New evidence has emerged on breakthrough-case transmission risk, for example. “Information on the [D]elta variant from several states and other countries indicates that in rare cases, some people infected with the [D]elta variant after vaccination may be contagious and spread virus to others,” Dr. Walensky said, adding that the viral loads appear to be about the same in vaccinated and unvaccinated individuals.
“This new science is worrisome,” she said.
Even though unvaccinated people represent the vast majority of cases of transmission, Dr.

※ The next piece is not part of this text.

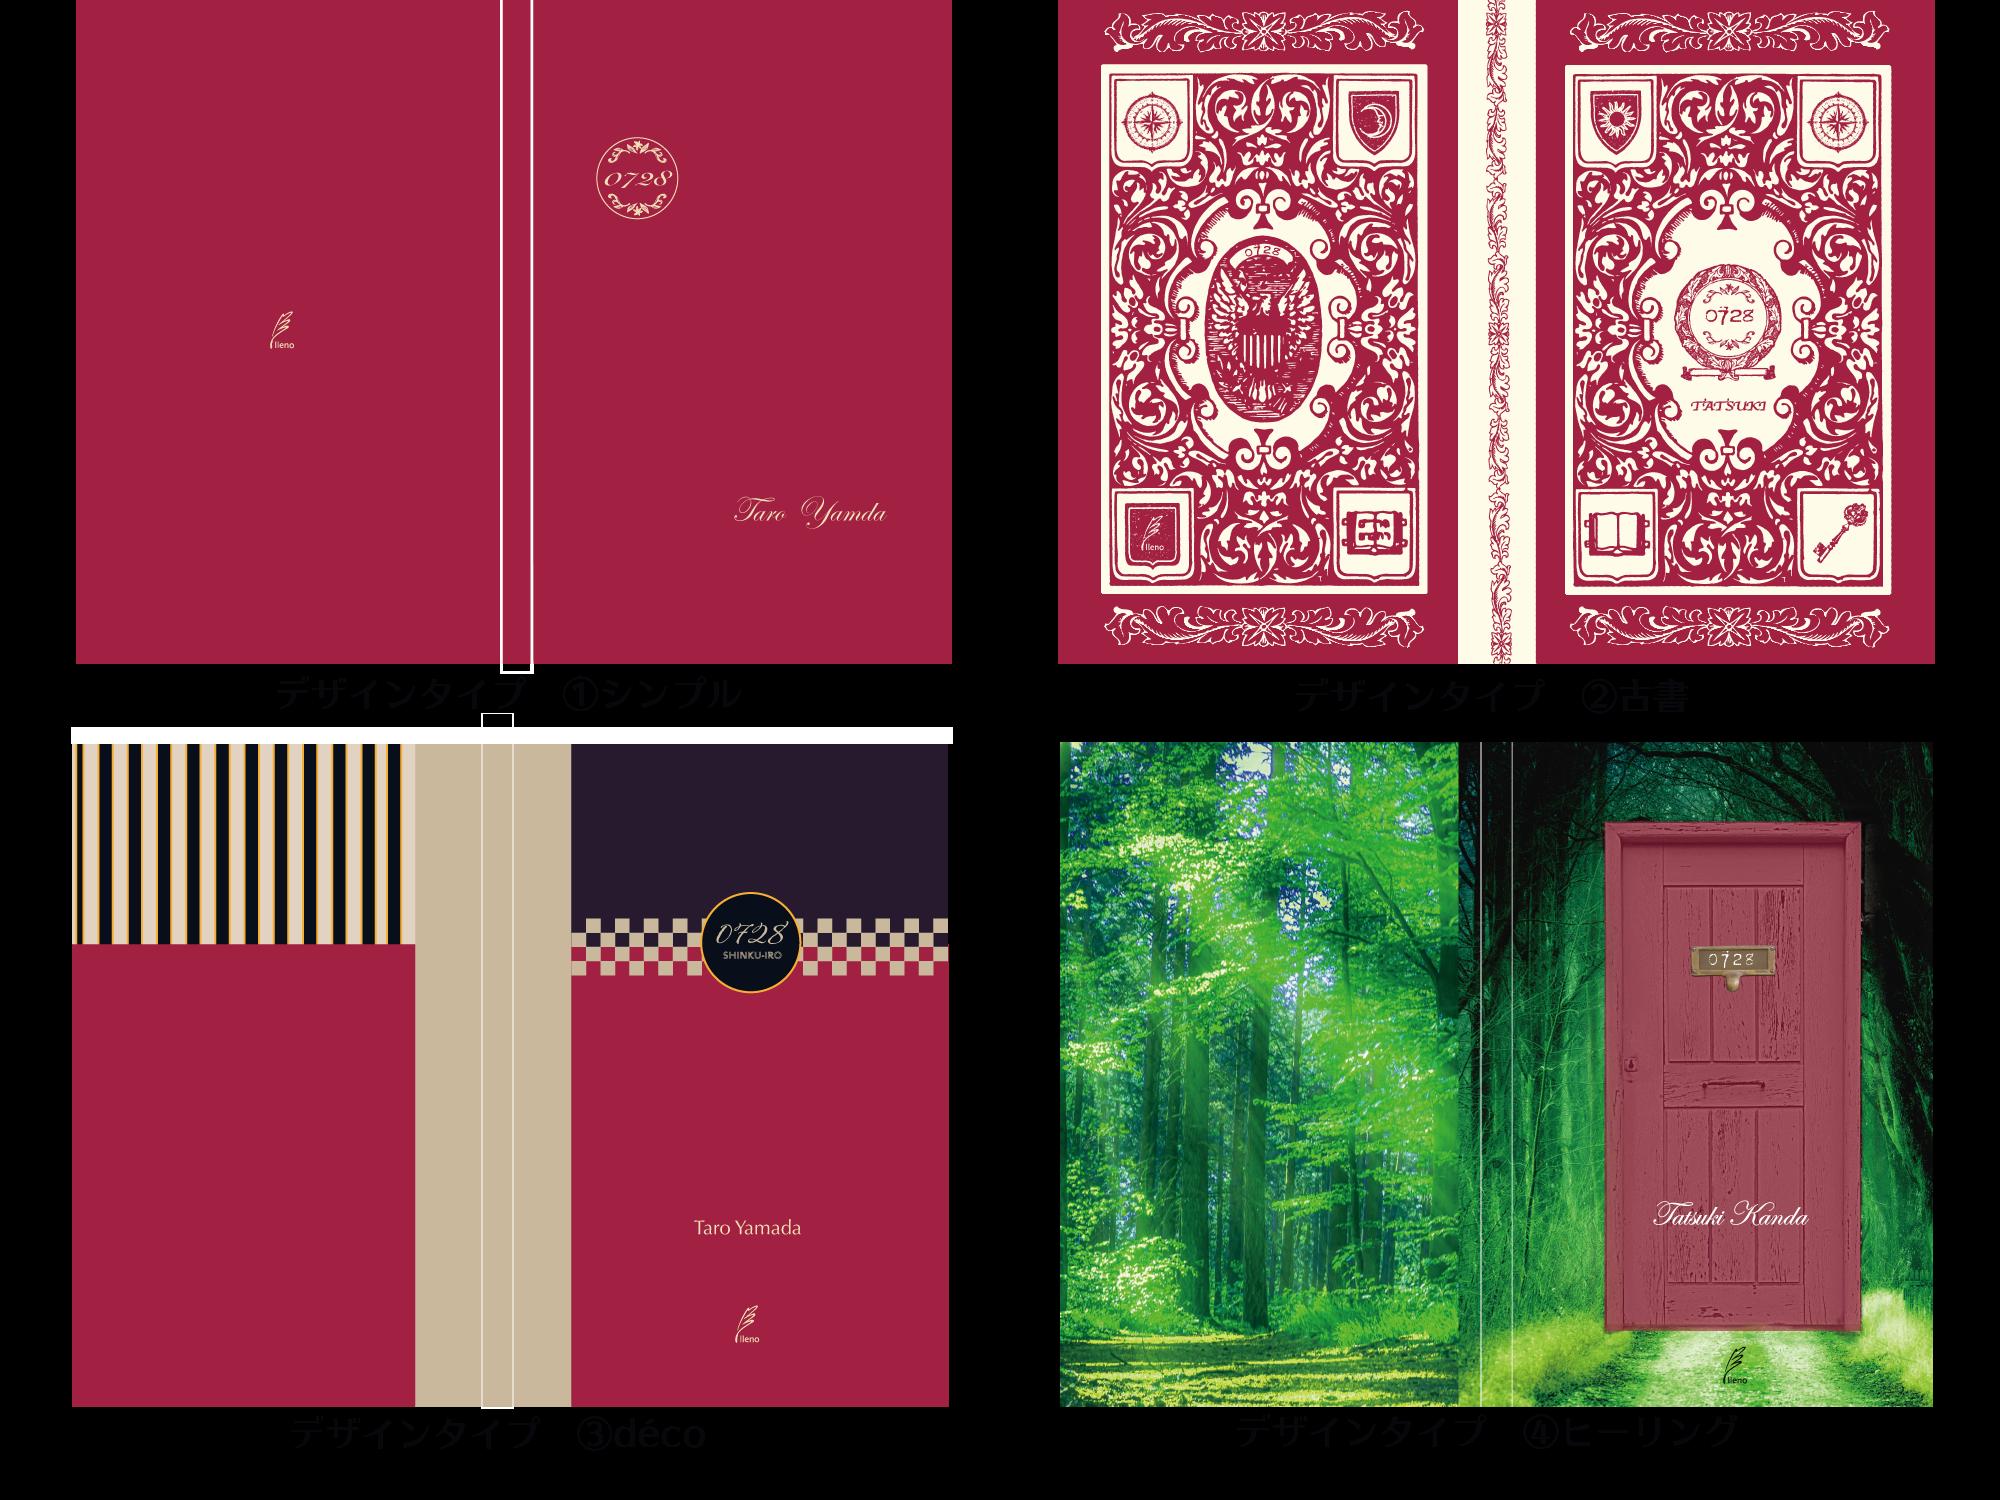 運命のノート『7月28日 深紅色』(鑑定&メッセージカード付)
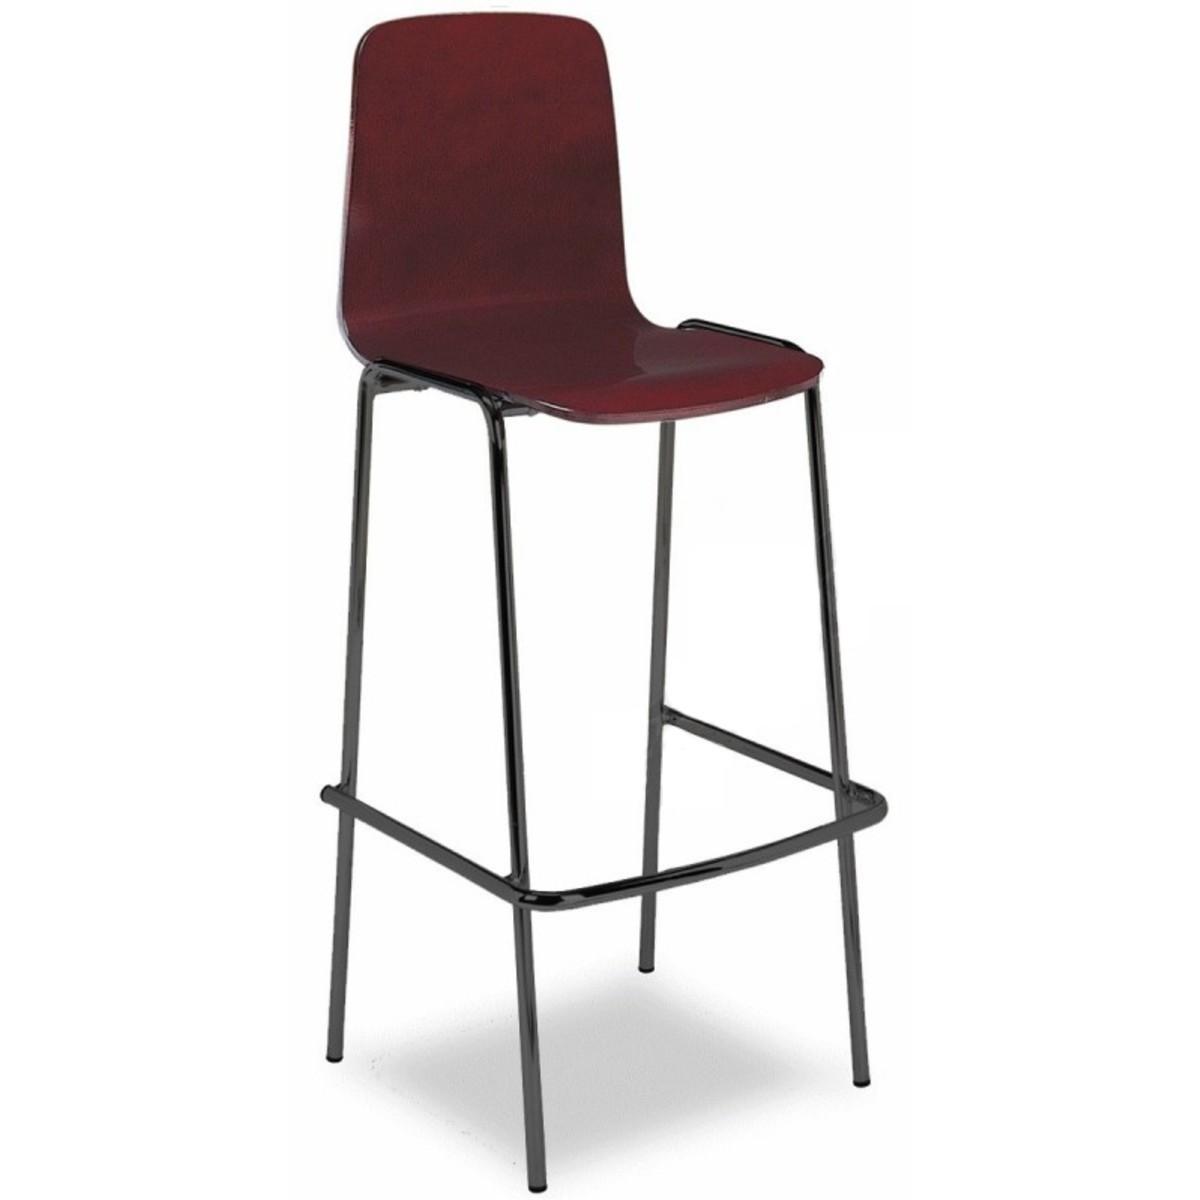 Taburete bar aluminio con respaldo y asiento en madera - Taburete madera bar ...

Walensky said, “we thought it was important for [vaccinated] people to understand they have the potential to transmit the virus to others.”
As a result, in addition to continuing to strongly encourage everyone to get vaccinated, the CDC recommends that fully vaccinated people wear masks in public indoor settings to help prevent the spread of the Delta variant in areas with substantial or high transmission, Dr. Walensky said. “This includes schools.”
Masks in schools
The CDC is now recommending universal indoor masking for all teachers, staff, students, and visitors to K-12 schools, regardless of vaccination status. Their goal is to optimize safety and allow children to return to full-time in-person learning in the fall.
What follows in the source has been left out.